= Claire Haworth =

Claire Haworth is a reader in behavioural genetics and co-director of the Dynamic Genetics Lab at the University of Bristol.

== Education ==
Haworth graduated from the University of Oxford with a degree in experimental psychology. She completed her MSc and PhD at King's College London.

== Career ==
Haworth received two funded fellowships following her PhD; an interdisciplinary fellowship from the Medical Research Council and Economic and Social Research Council, and a research fellowship from the British Academy. She worked in academic positions at King's College London and the University of Warwick. In 2015 she joined the University of Bristol.

Haworth has contributed expert opinion to BBC documentaries, and has appeared on the BBC Radio 4 programme Woman's Hour, as well as Sky News and BBC World Service.

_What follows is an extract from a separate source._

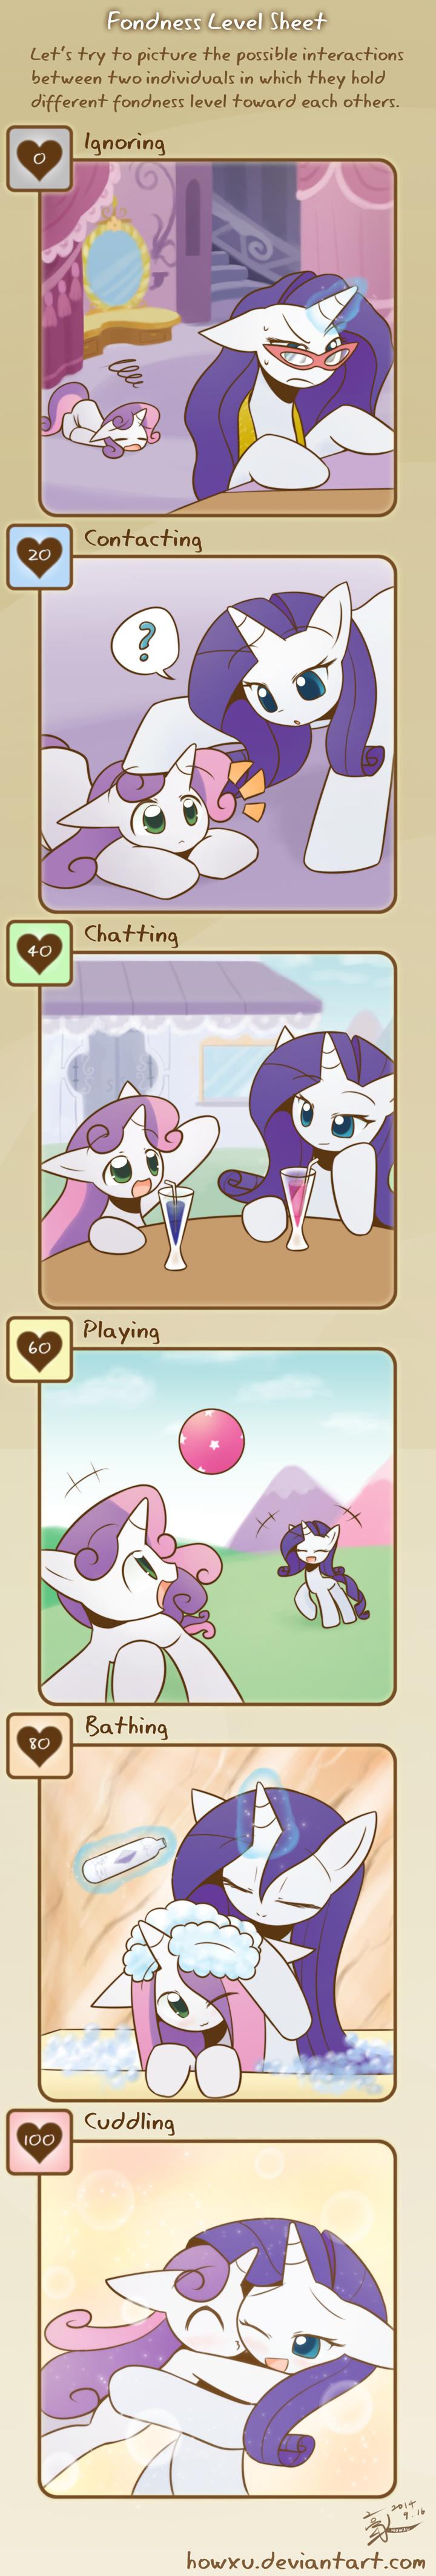 Fondness level of unicorn sisters
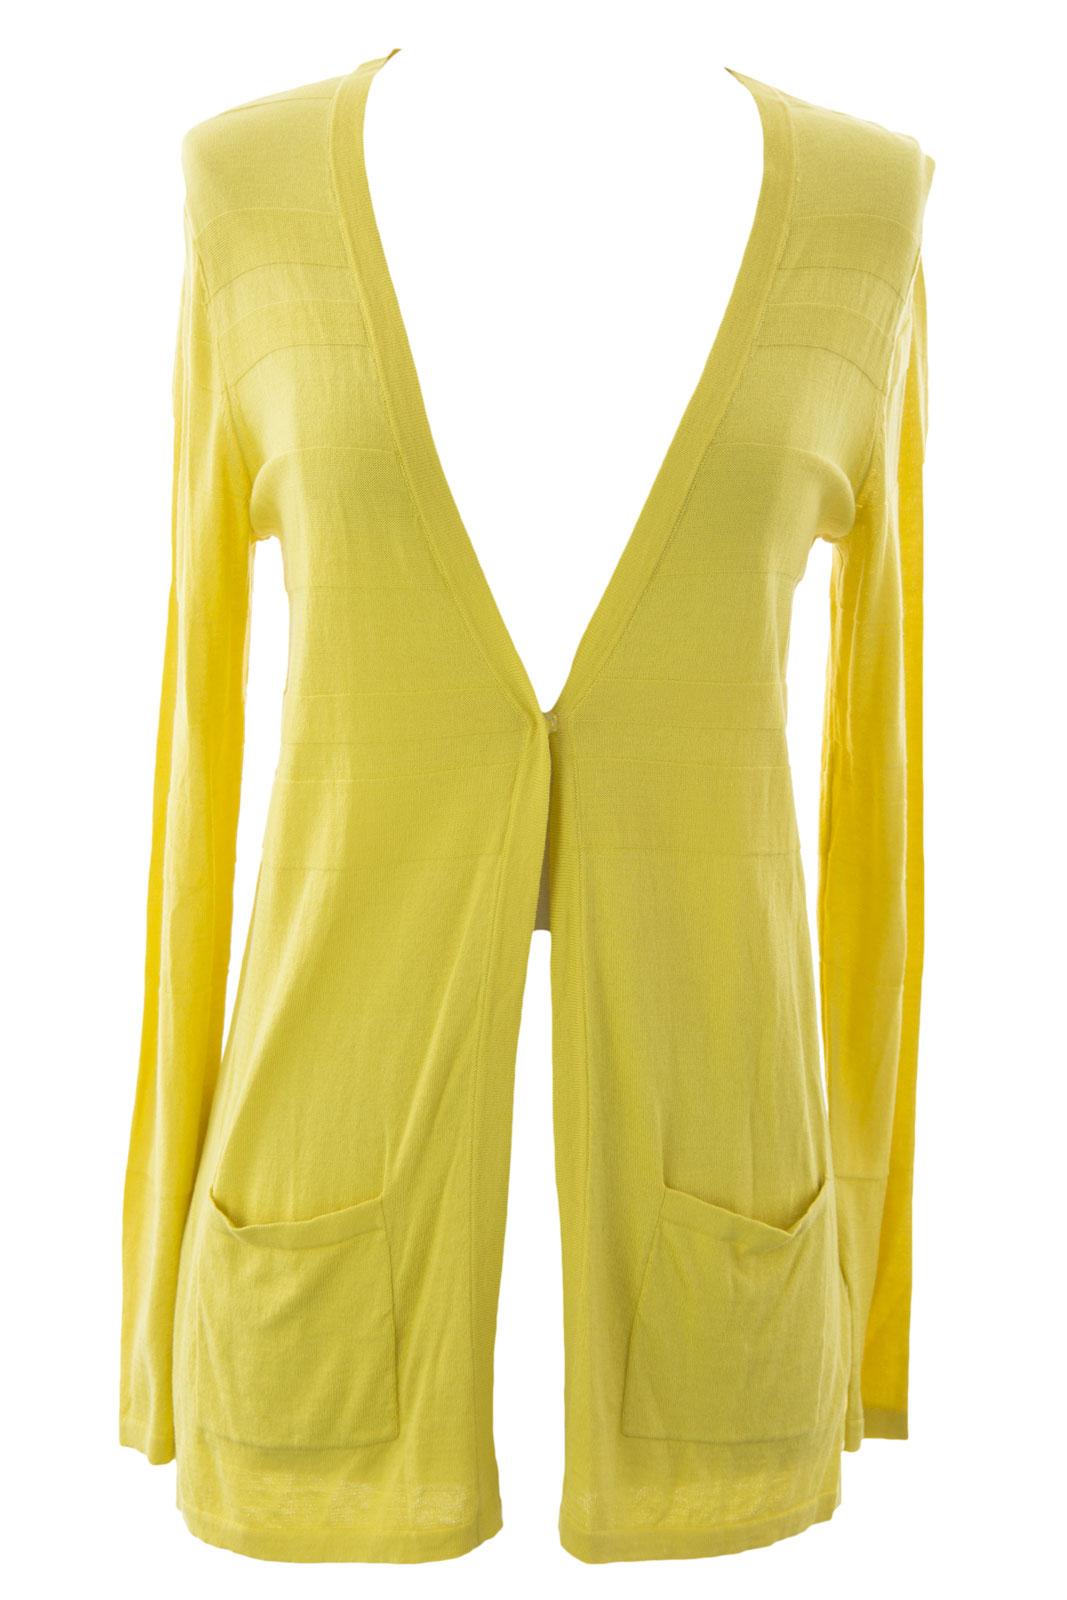 August Silk Women's Petite Textured Single Button Cardigan PXL ...

Her research interests are in the influence of genes and environment in human lives.

=== Awards ===
Haworth was awarded the British Psychological Society's Spearman Medal in 2017 for outstanding published work in psychology. She was joint winner that year with Dr Rachael Jack of the University of Glasgow. Haworth was nominated for the prize by Professor Chris Jarrold, Head of the School of Experimental Psychology at the University of Bristol.

She was awarded the Philip Leverhulme Prize in Psychology in 2018.